How could he be so confident in my ability? This was the same year my calculus teacher

referred to me as the epitome of laziness, and my physics professor said my approach to physics

was far too laid back. Most of my teachers this year had given me constant little reminders that I

wasn’t doing as well as some of the other students. As though I didn’t belong. “Jeff?” he

questioned calmly. I was staring at the ground for what must’ve been fifteen full seconds. Saved

by the bell. “I’ll think about it” I reply, not meeting his eyes, as I shuffle away to grab my things.

The next Monday, as English class ended, Mr. McGarvey asks me to wait behind. And

so, I wait patiently at my desk as he answers the students who had questions after class. I have a

feeling he was going to talk about the tests again. How am I going to tell him that I don’t care

about English and that I would only be taking the tests for the future credit they offered? After

the other students depart, he walks to his file cabinet and pulls out two medium sized textbooks.

He saunters over to my desk and sets them down. Two study guides for the two English tests we

spoke about the previous week. Mr. McGarvey, without my response on knowing I would say

yes, explains to me that he requested to the school/AP board that I be allowed to sign up late for

the AP tests, and gathered the appropriate study guides for the tests, for one of which he didn’t

even teach. His act of kindness, and unwavering support of a student clearly uninterested in his

passion for English completely stunned me. Since I joined advanced placement classes, none of

my teachers had shown any extra effort or interest in me. I feel like just a number to them; like

another student churned out by the school system. Mr. McGarvey is different. I know he cares

about his students. Maybe he sees a version of his past self in his troubled students. McGarvey
Warren 4

was gay, and later I learned, an orphan. He probably had a very difficult high school experience

trying to fit in. I wonder if he had a teacher that supported him back then? Or maybe he was

trying to be the teacher he wished he had when he was my age. Mr. McGarvey is the only

teacher that ever visited me when I was in in-school-suspension this year. He is the only teacher

that asks what’s going on in my life and offers any support he can. The only teacher that speaks

beyond the surface level and talks about the true hardships of life.
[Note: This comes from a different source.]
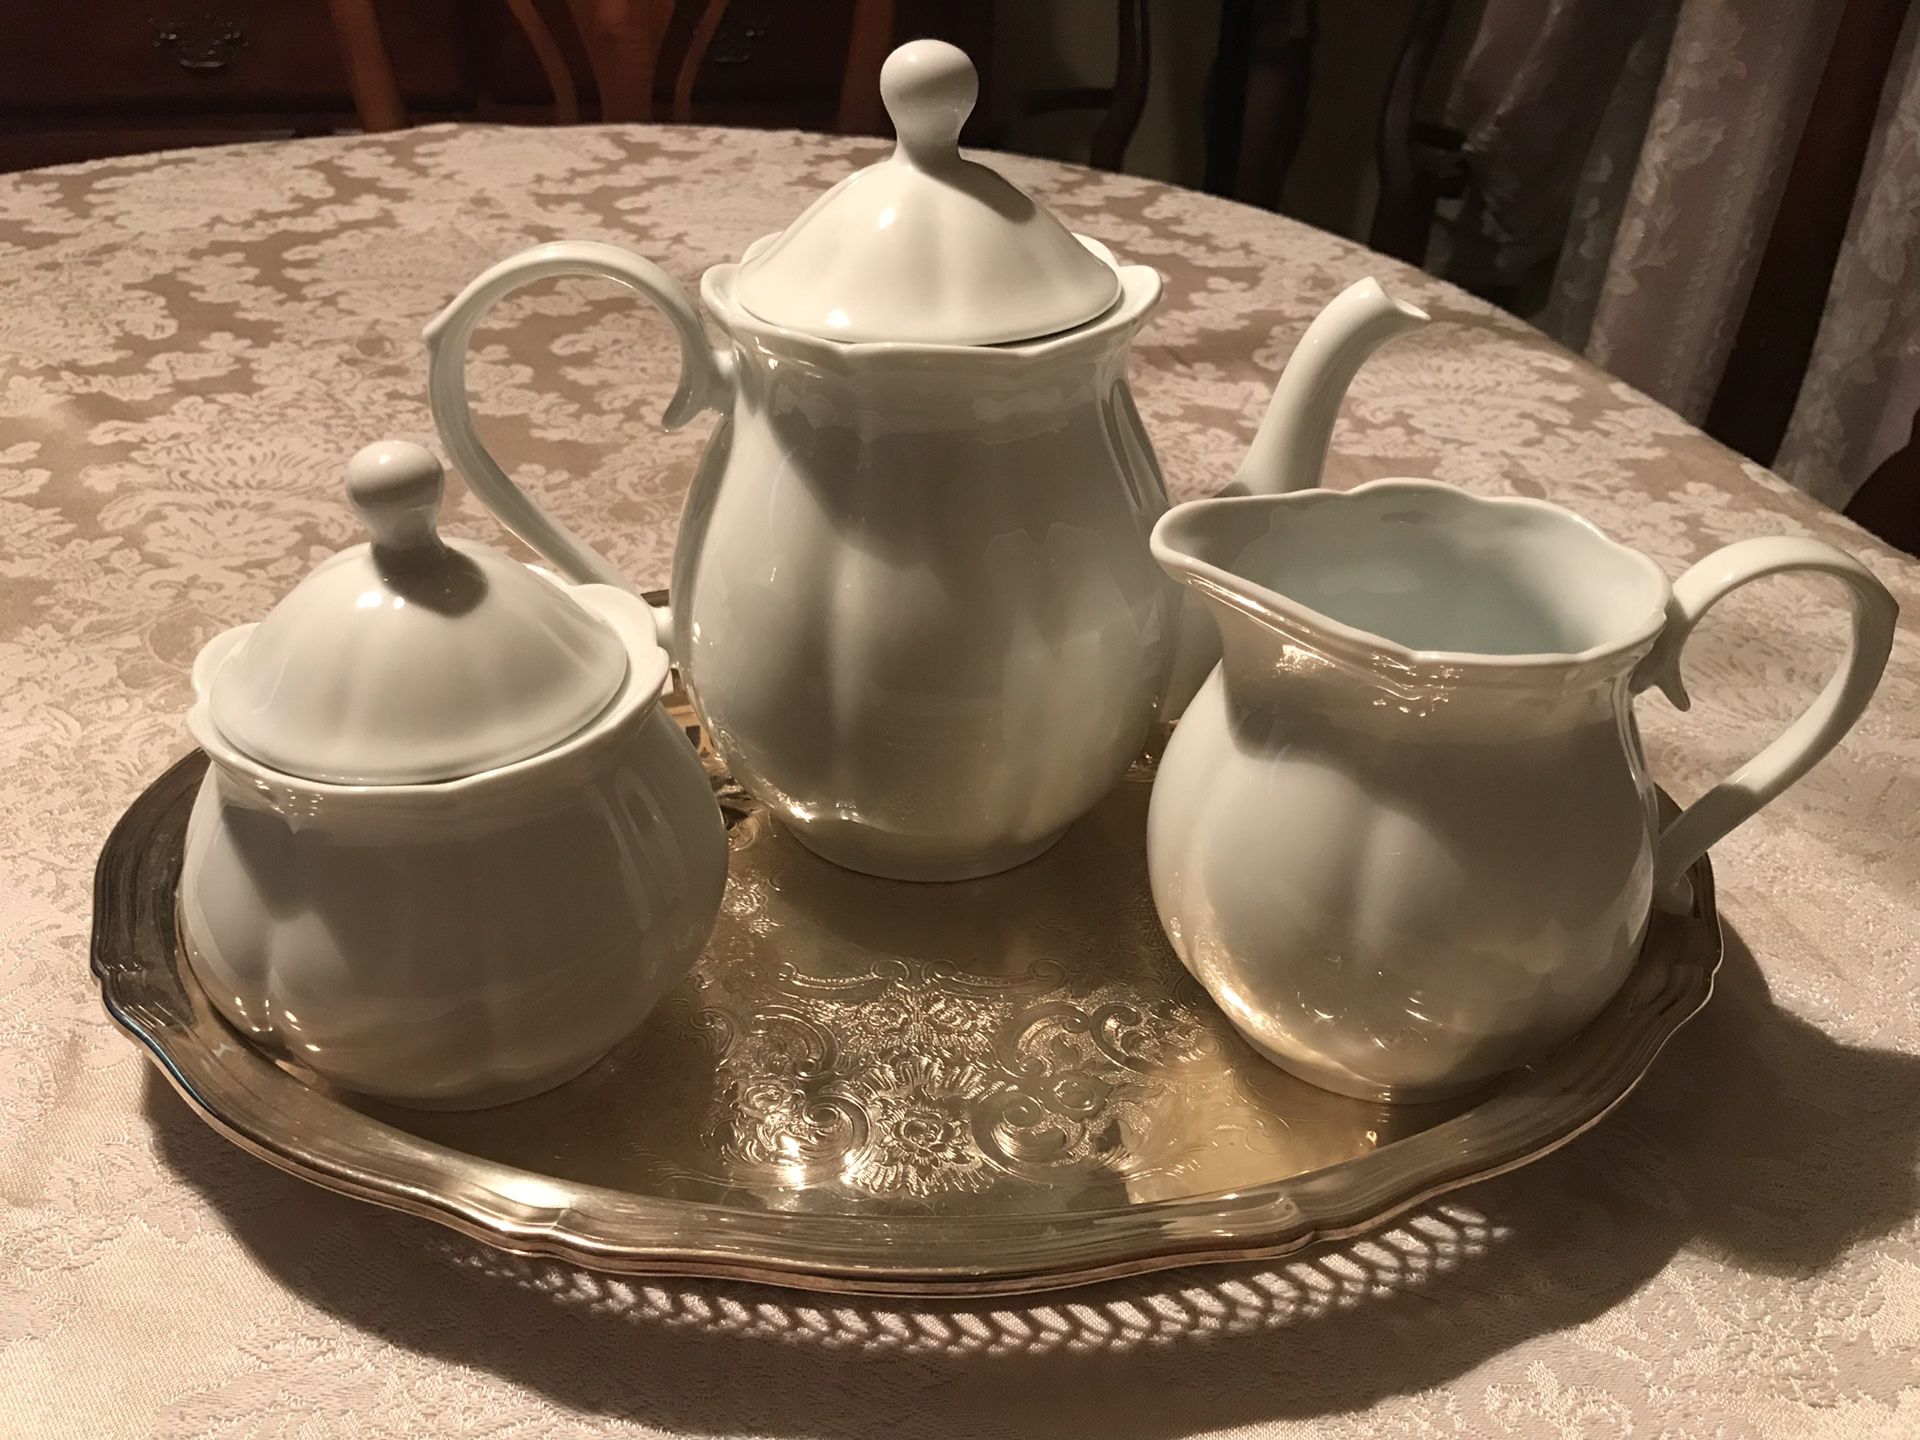 White Ceramic Tea or Coffee Set on Silver Plated Tray
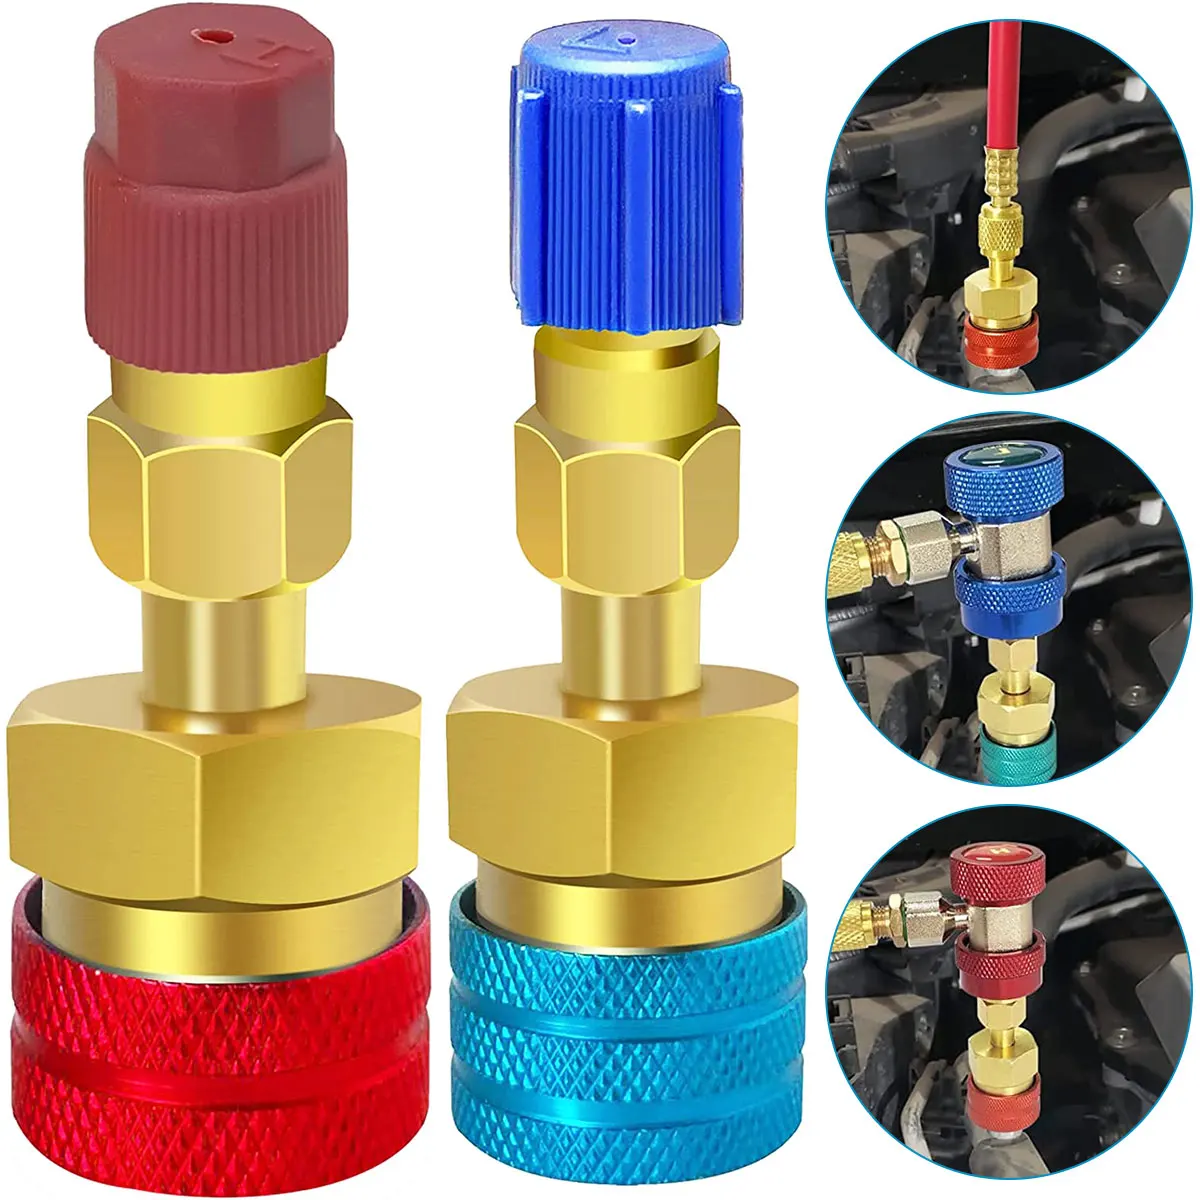 2pcs R1234YF to R134A High and Low Side Quick Coupler R12 to R134AAdapter Fitting Connector Car Air-conditioning Fitting Tools

Mr. McGarvey explains that it may take some time to hear back from the school if I am

able to take the test, but he has faith that they will allow me, and that I should begin to prepare as

soon as possible. In that moment I felt his confidence transfer to me. I knew I could do it. All the

doubt that had plagued me this year of fitting in to these difficult classes vanished. With only two

months left to prepare for a college competence exam, I agree to try my best, and I immediately

began to read the guides he gave me with a reinstated vigor.

I took that test over eight years ago, and yet, I can still see the face of Mr. McGarvey as I

told him I scored a four out of five and a five out of five on the two exams. His voice became

completely giddy and jumped an octave or two as he exclaimed how he was extremely proud of

me. He left me with the hope that, even though I will not need to take an English class in college

for my degree, that I continue to read for enjoyment, and find a genre in reading that speaks to

me. I will never forget how support from just one person can make such a difference. How a

little extra effort can help motivate someone to heights they didn’t think possible. I owe a lot of

gratitude to Mr. McGarvey for helping me fit in the last few months of my senior year. Because

of the actions of Mr. McGarvey, I haven’t worried about fitting in since.